Like Lambert and most players who reach the higher echelons of footballs sliding scale, Dorrans’ desire, alongside his immense talent, is fundamental to his success. He plays for a Championship club so any assertions about his mentality are mainly conjecture – they aren’t supplemented by round-the-clock media coverage of his training patterns, but his resilience in recovering from serious injury midway through his first season as a West Brom player and pushing his way into a team full of established midfielders like Robert Koren and Jonathan Greening, suggests he wants ‘It’ enough to get ‘It’.

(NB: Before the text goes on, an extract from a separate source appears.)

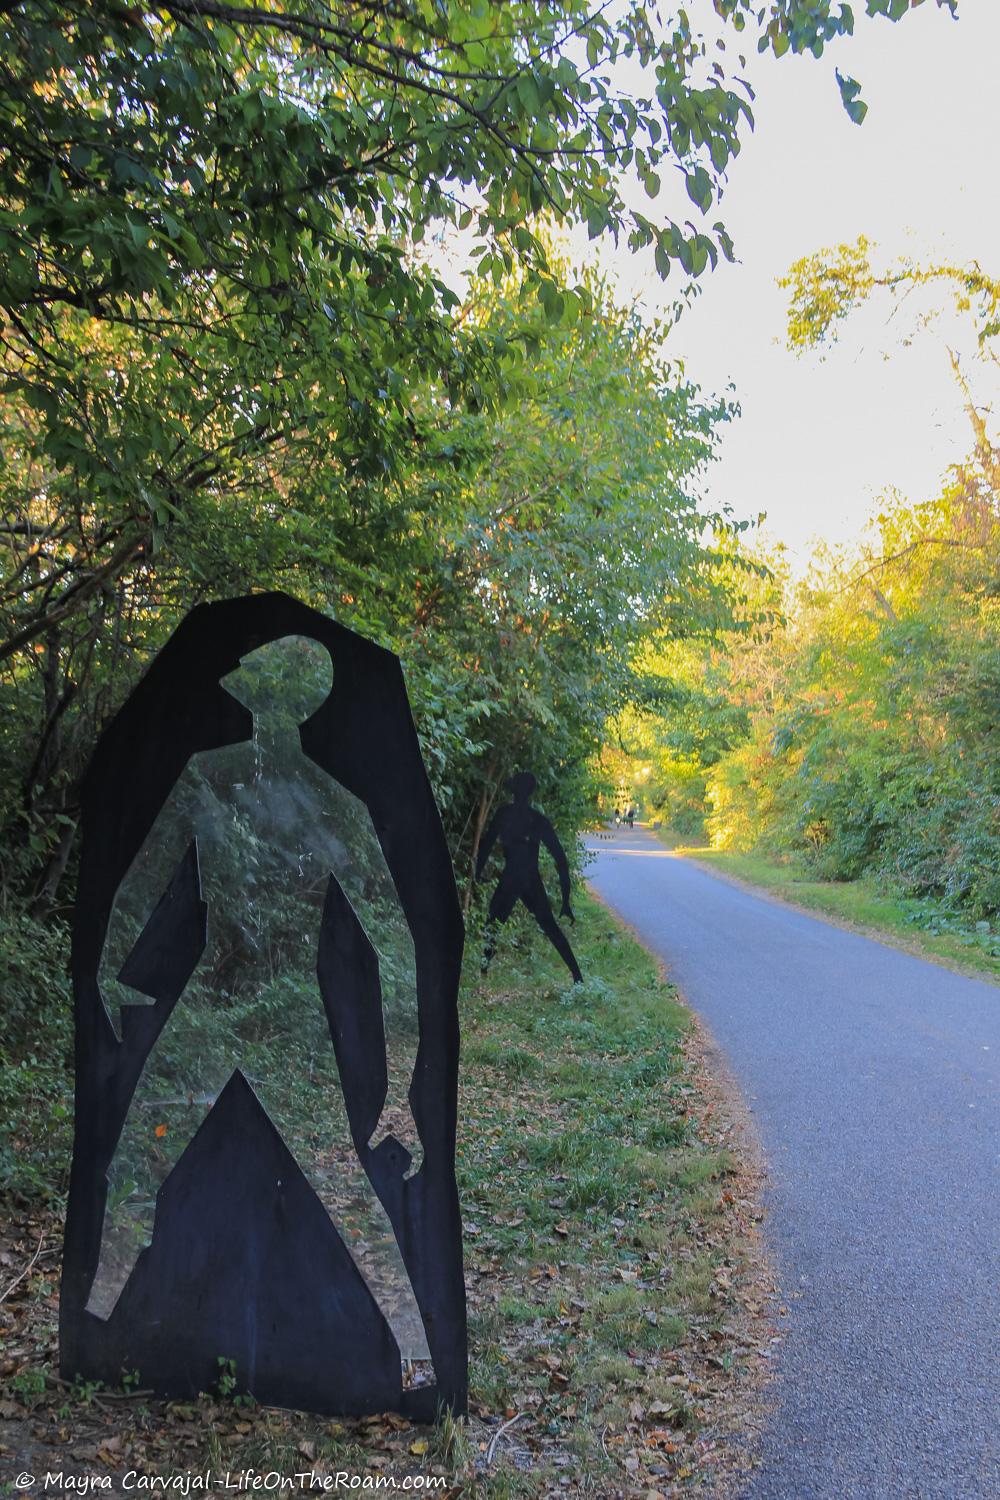 Outdoor art along a paved trail

Watching the Champion’s League this week with the West Brom game as a brief interruption, it was easy to imagine Dorrans slotting into most of the teams involved – a realistic enough possibility given Arsenal’s recent interest. At that level, midfield is about creative flare meshed with defensive steal: Dorrans has both. Pace is a necessity: Dorrans is quick. He even provides a goalscoring threat, with 13 goals in 38 games already this season. Patently he’s not there yet, but it’s not a massive leap.
Still though, a move away from West Brom isn’t a decision that he should take lightly. If Arsenal, a team that regularly achieves 60% of Premier League possession, really were interested, then he should go. If a team like Sunderland, mid-table battlers, came in for him, then he would do well to consider that West Brom (hopefully a Premier League prospect by then) have developed a style of play that suits his game and teams like Sunderland have not.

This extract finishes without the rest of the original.